Il produit aux débats :


- une capture d'écran d'une page du site de l'Autorité des Marchés Financiers datée du 24 juillet 2017 intitulée 'listes noires et mises en garde' , les signaux qui doivent vous alerter : vous ne connaissez pas la personne qui vous contacte, on vous promet des rendements très élevés et sans risque, vous devez prendre une décision rapidement, vous devez effectuer un virement sur un RIB à l'étranger (...) faisant apparaître le nom www.bluediams.com


- une capture d'écran datée du 19 octobre 2022 d'une page du site de la Banque de France intitulée 'listes noires et alertes des autorités' conseillant aux particuliers de vérifier que la personne ou la société qui le sollicite est autorisée à proposer ce produit en France et signalant que l'APCR et l'AMF publient et mettent à jour régulièrement cinq listes noires de sites ou entités non autorisés à proposer en France (...) 5) des investissements dans des biens divers (diamants, vin, crypto-actifs).


D'une part, la preuve de ce que le site www.bluediams.com figurait sur la liste noire de la Banque de France et de l'Autorité prudentielle de contrôle et de résolution (APCR) le 24 juillet 2017 ne résulte pas de ces deux documents, le second étant daté du 19 octobre 2022.


Or, il n'est pas démontré que la liste noire dressée par l'Autorité des marchés financiers était à usage des banques.


D'autre part, comme le relève à juste titre le Crédit lyonnais, le site de l'AMF mentionne un nom de site internet, si bien qu'il n'est pas possible pour la banque d'établir un rapprochement entre ledit site et le nom d'une société et son numéro de compte.


Dans ces conditions, la faute qu'aurait commise le Crédit lyonnais en exécutant les ordres de virement litigieux n'est pas démontrée.


Il convient de rejeter la demande de dommages et intérêts de M. [T], le jugement étant infirmé en ce qu'il l'a partiellement accueillie.


Le jugement est également infirmé en ses dispositions relatives aux dépens et à l'indemnité de procédure.


Il y a lieu de condamner M. [T] aux dépens de première instance et d'appel.
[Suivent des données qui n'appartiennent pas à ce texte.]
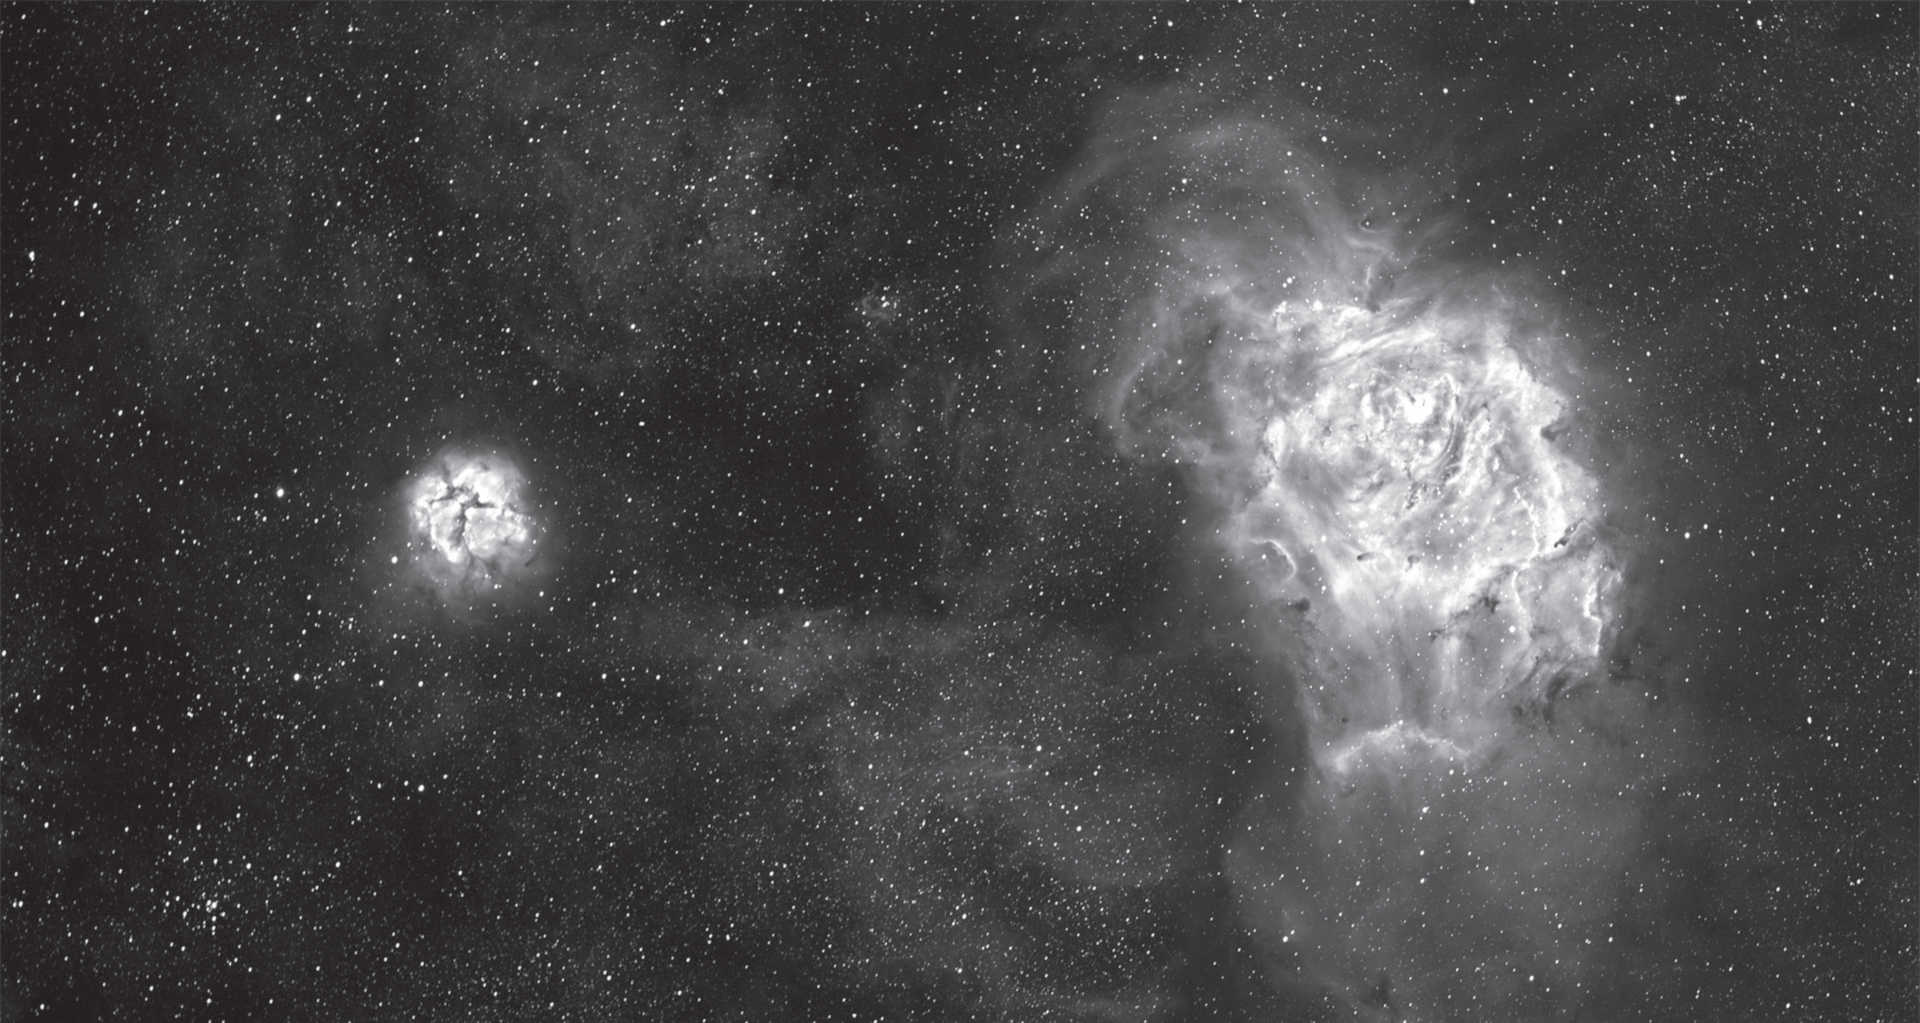 La nébuleuse de la Lagune et la nébuleuse Trifide (M 8 et M 20) dans la constellation du Sagittaire. Empilement d’images composé de six prises de vues avec un temps d’exposition de 1 minute chacune, six prises de vues avec un temps d’exposition de 15 minutes chacune et 2 prises de vues avec un temps d’exposition de 60 minutes chacune. Caméra : SBIG STF-8300, filtre Hα avec bande passante 35 nm, optique : lunette de 130 mm, distance focale 1 000 mm. U. Dittler

Les demandes de M. [T] devant le premier juge et devant la cour fondées sur l'article 700 du code de procédure civile sont rejetées par voie de conséquence.


L'équité ne commande pas de condamner M. [T] à payer au Crédit lyonnais une indemnité de procédure au titre des frais irrépétibles exposés en première instance et en cause d'appel.



PAR CES MOTIFS


Statuant publiquement par arrêt mis à disposition au greffe et contradictoirement :


CONFIRME le jugement en ce qu'il a rejeté la demande de dommages et intérêts fondée sur le manquement de l'obligation de mise en garde au titre de l'octroi d'un prêt, la demande de déchéance des intérêts et la demande en réparation du préjudice moral


INFIRME le jugement pour le surplus de ses dispositions


STATUANT à nouveau,


REJETTE la demande de dommages et intérêts formée par M. [T]


CONDAMNE M. [T] aux dépens de première instance et d'appel


DIT que les dépens d'appel pourront être recouvrés par Maître Buisson, avocat, conformément aux dispositions de l'article 699 du code de procédure civile🏛


REJETTE les demandes des deux parties fondées sur l'article 700 du code de procédure civile, au titre des frais irrépétibles exposés en première instance et en cause d'appel.